I have already looked at True North. (I actualy prefer the look of the Proletriat bikes)

My heart seems pretty set on a classic Italian frame and I have made contact with Geoff in Hungary to see what he can reccomend.

The bummer is that the DeRossa Batic EL, which would fit me like a glove has been sold!

 

There is a fella from germany on ebay selling som killer bikes for not so killer prices but go and have a look if you like classics.. https://stores.ebay.com/benny1benny_W0QQcolZ4QQdirZ1QQfsubZ0QQftidZ2QQpZ2QQtZkm


----------



## Quattro_Assi_07 (Jan 13, 2006)

*Retro-mod Miyata Team...*

My "new" 1990 Miyata Team with 10 speed 7700 Dura Ace components.
























and with it's older cousins...


----------



## TBro (Jan 19, 2007)

*steel frame*

What frame size do you need?





fux said:


> I have already looked at True North. (I actualy prefer the look of the Proletriat bikes)
> 
> My heart seems pretty set on a classic Italian frame and I have made contact with Geoff in Hungary to see what he can reccomend.
> 
> ...


----------



## fux (Apr 25, 2008)

I`m looking for 50-52, something with a (virtual) top tube around 515-530 and prefrably light......


----------



## Dave Hickey (Jan 27, 2002)

fux said:


> I`m looking for 50-52, something with a (virtual) top tube around 515-530 and prefrably light......


eBay is filled with excellent new/used steel frames.

you can narrow your search to steel frames in size 50,51, and 52 size...I do it everyday just to see what's out there...

check out this link..I already filtered the search for you

http://sporting-goods.shop.ebay.com...=1&_sacat=98084&_ssov=1&_trksid=p3286.c0.m282


----------



## ClassicSteel71 (Mar 5, 2009)

My Colnago is a 50cm with about 400 miles (mint) on it.. Make an offer if your interested.


----------



## TBro (Jan 19, 2007)

*steel frame*

Dave's right about ebay. For your frame size there are probably some good options. Hopefully the competition in your size won't be as bad. The demand for high quality vintage Italian frames in a 54 or 55 always seemed to drive the prices up to almost "new frame" levels. I will search some of the sites I had looked at before and send you any deals I find. 




fux said:


> I`m looking for 50-52, something with a (virtual) top tube around 515-530 and prefrably light......


----------



## fux (Apr 25, 2008)

thanx for the help fella`s.

I am considering the Fausto Coppi Genius "Championissimo" 

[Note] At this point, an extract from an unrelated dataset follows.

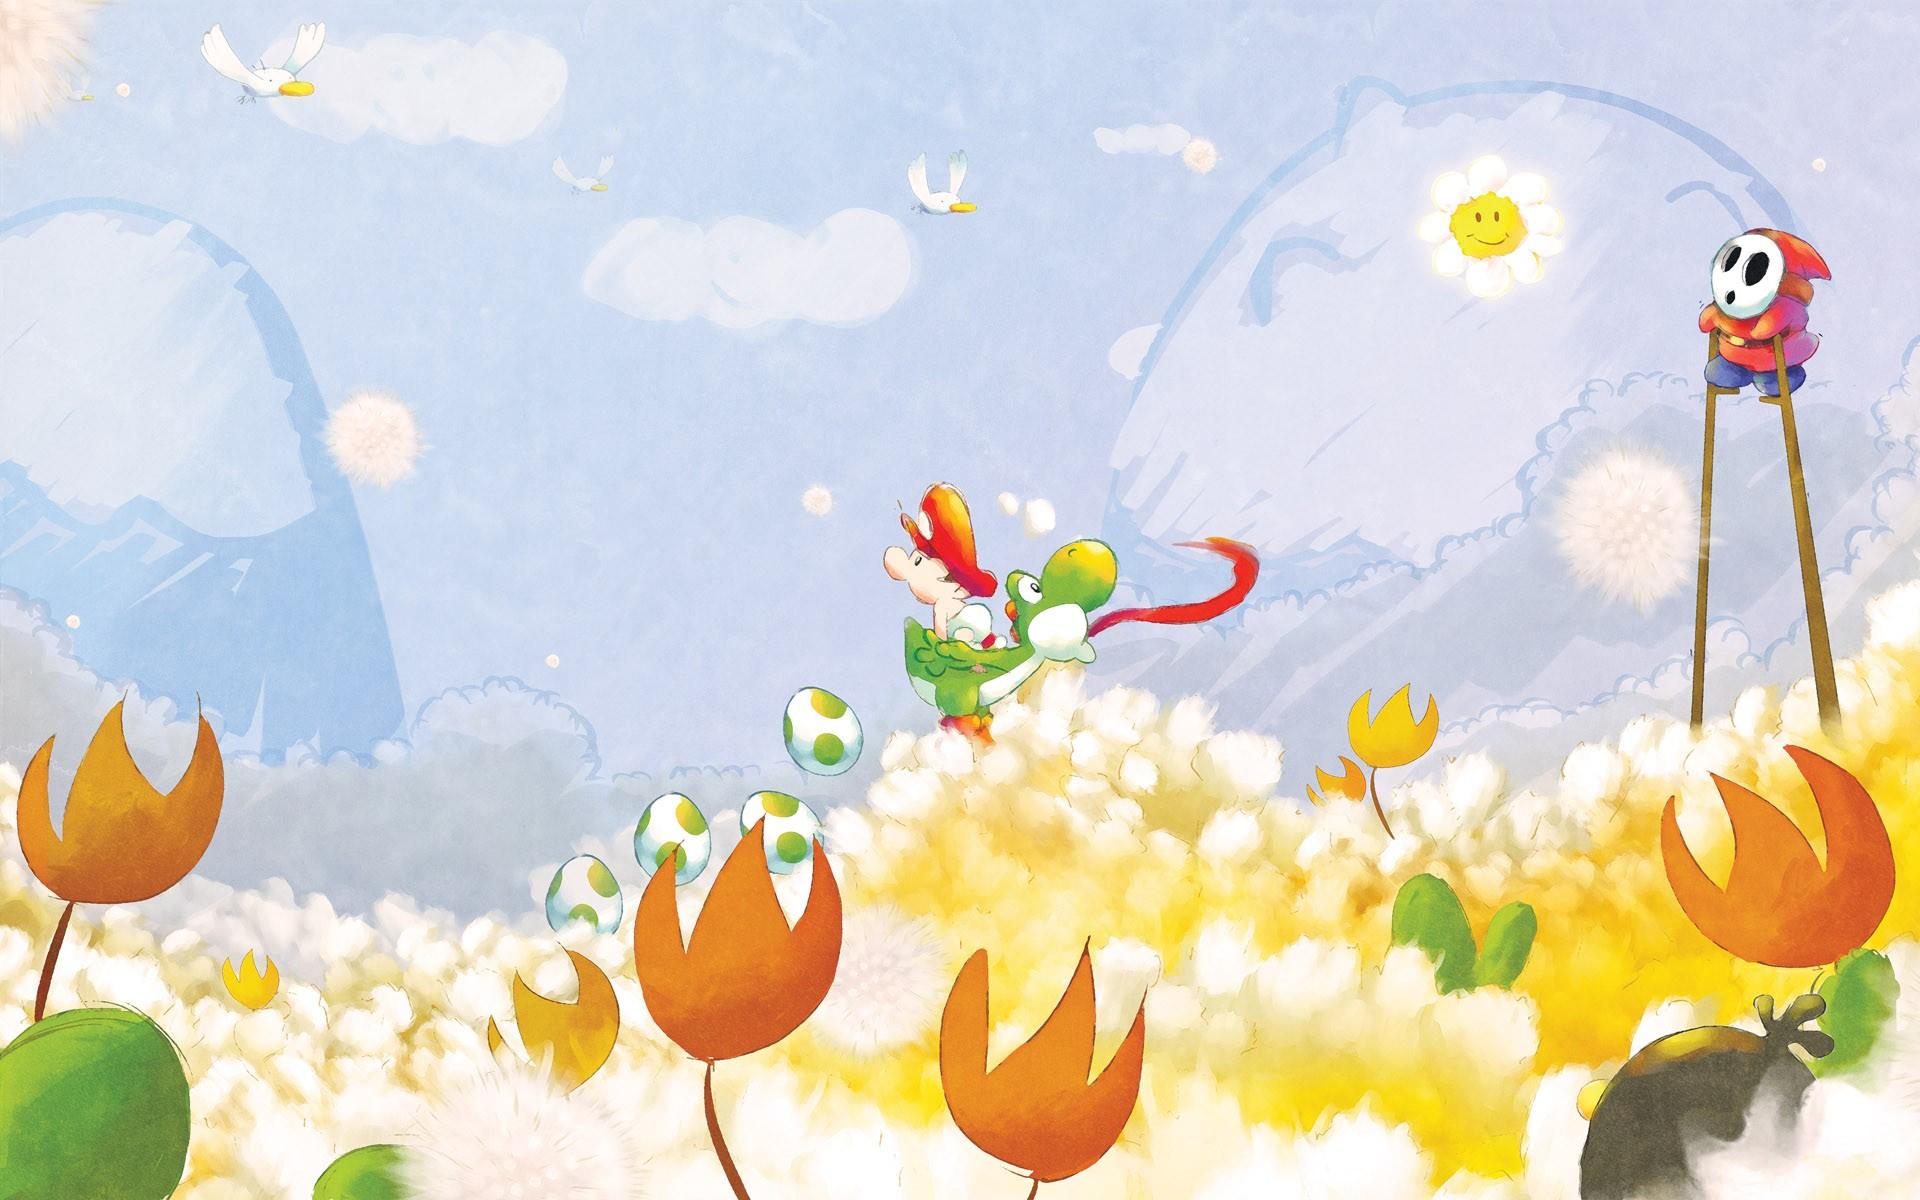 Mario bros retro - 1920x1200

Now the jury is still out on the seatstay placement, but at 1500g and a good price I might be able to live with it.

Does anyone have any history regarding these frames?


----------



## TBro (Jan 19, 2007)

I think that is a beautiful frame, even if the seat stay is little bit lower on the seat tube. Coppi's are beautiful frames and I wouldn't hesitate to pull the trigger on that one. I do have one other frame you should consider. This Cinelli Super Corsa in China Blue with the Chrome lugs is absolutely gorgeous. 50cm frame with a 52cm top tube. I would contact Tom at GVHbikes.com via phone to see if he still has it. He doesn't always respond very quickly to email. For $1100, I think it's a nice find for a new frame. 


















fux said:


> thanx for the help fella`s.
> 
> I am considering the Fausto Coppi Genius "Championissimo"
> 
> ...


----------



## garbec (Mar 3, 2006)

*Dressed up for race day.....*

The Torelli's latest set up w/ race wheels...


----------



## fux (Apr 25, 2008)

Thats a nice build. :thumbsup: 

It looks like the Moser frame would fit too.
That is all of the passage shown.